Correspondence to: Ales Cvekl, Albert Einstein College of Medicine, 1300 Morris Park Avenue, Bronx, NY 10461; Phone: (718) 430-3217, FAX: (718) 430-8778; email: ales.cvekl@einstein.yu.edu
Purpose: Gene expression correlates with local chromatin structure. Our studies have mapped histone post-translational modifications, RNA polymerase II (pol II), and transcription factor Pax6 in lens chromatin. These data represent the first genome-wide insights into the relationship between lens chromatin structure and lens transcriptomes and serve as an excellent source for additional data analysis and refinement. The principal lens proteins, the crystallins, are encoded by predominantly expressed mRNAs; however, the regulatory mechanisms underlying their high expression in the lens remain poorly understood.
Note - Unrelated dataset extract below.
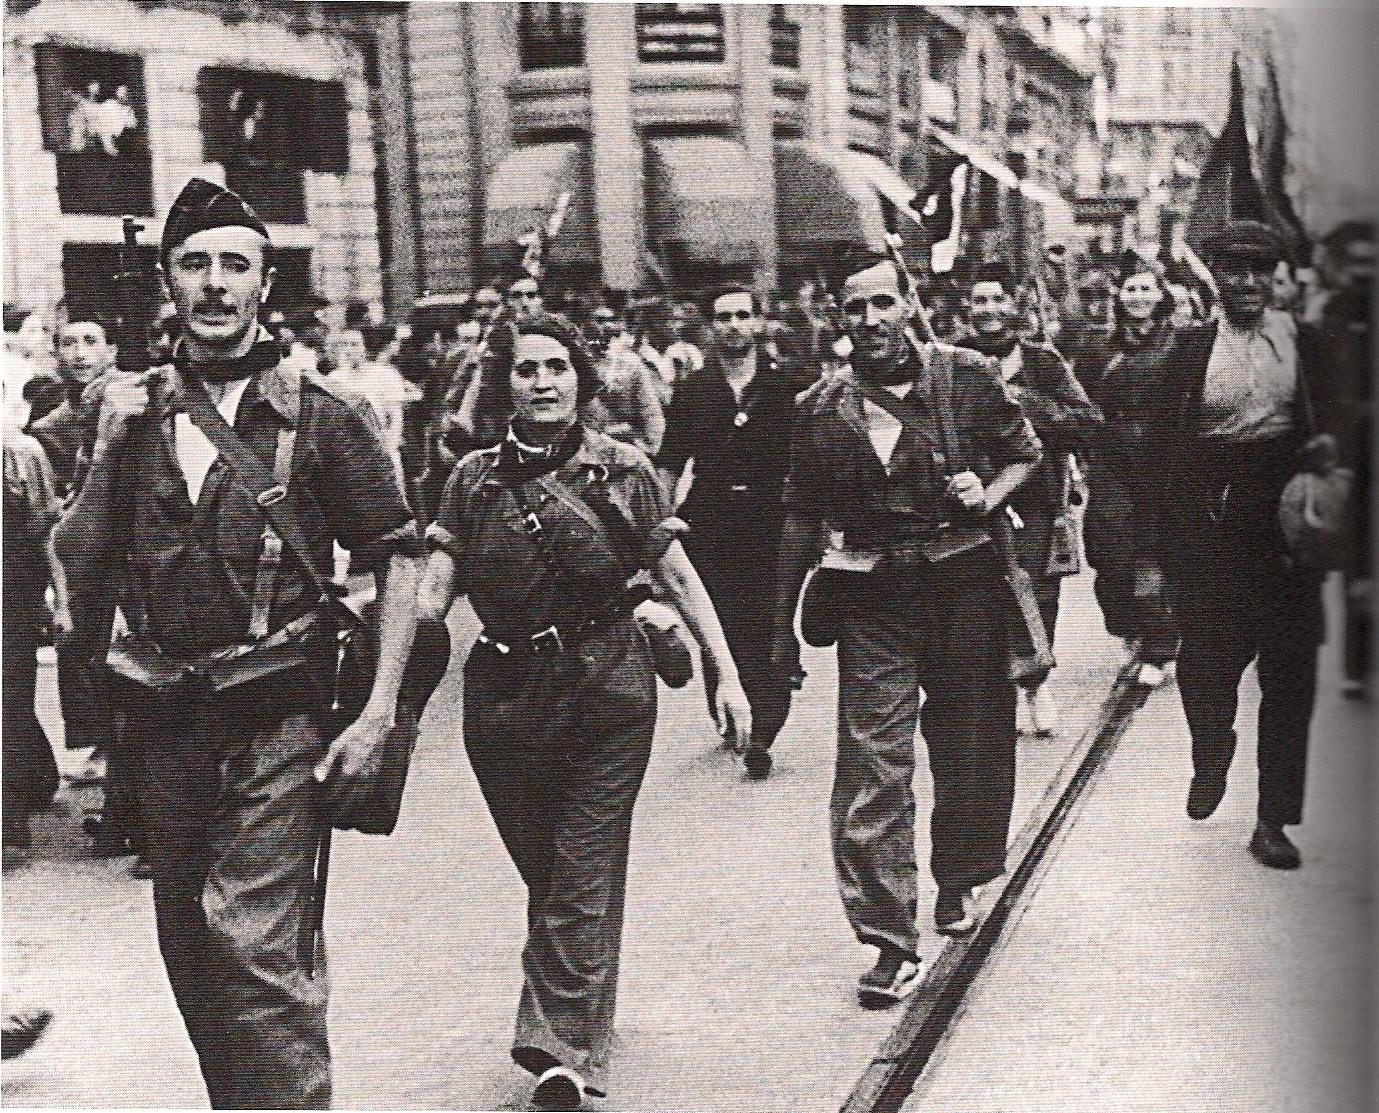 Risultati immagini per guerra spagnola antifascismo contropiano immagini

Methods: The formaldehyde-assisted identification of regulatory regions (FAIRE-Seq) was employed to analyze newborn lens chromatin. ChIP-seq and RNA-seq data published earlier (GSE66961) have been used to assist in FAIRE-seq data interpretation. RNA transcriptomes from murine lens epithelium, lens fibers, erythrocytes, forebrain, liver, neurons, and pancreas were compared to establish the gene expression levels of the most abundant mRNAs versus median gene expression across other differentiated cells.
Results: Normalized RNA expression data from multiple tissues show that crystallins rank among the most highly expressed genes in mammalian cells. These findings correlate with the extremely high abundance of pol II all across the crystallin loci, including crystallin genes clustered on chromosomes 1 and 5, as well as within regions of “open” chromatin, as identified by FAIRE-seq. The expression levels of mRNAs encoding DNA-binding transcription factors (e.g., Foxe3, Hsf4, Maf, Pax6, Prox1, Sox1, and Tfap2a) revealed that their transcripts form “clusters” of abundant mRNAs in either lens fibers or lens epithelium. The expression of three autophagy regulatory mRNAs, encoding Tfeb, FoxO1, and Hif1α, was found within a group of lens preferentially expressed transcription factors compared to the E12.5 forebrain.
Conclusions: This study reveals novel features of lens chromatin, including the remarkably high abundance of pol II at the crystallin loci that exhibit features of “open” chromatin. Hsf4 ranks among the most abundant fiber cell-preferred DNA-binding transcription factors. Notable transcripts, including Atf4, Ctcf, E2F4, Hey1, Hmgb1, Mycn, RXRβ, Smad4, Sp1, and Taf1 (transcription factors) and Ctsd, Gabarapl1, and Park7 (autophagy regulators) have been identified with high levels of expression in lens fibers, which suggests specific roles in lens fiber cell terminal differentiation.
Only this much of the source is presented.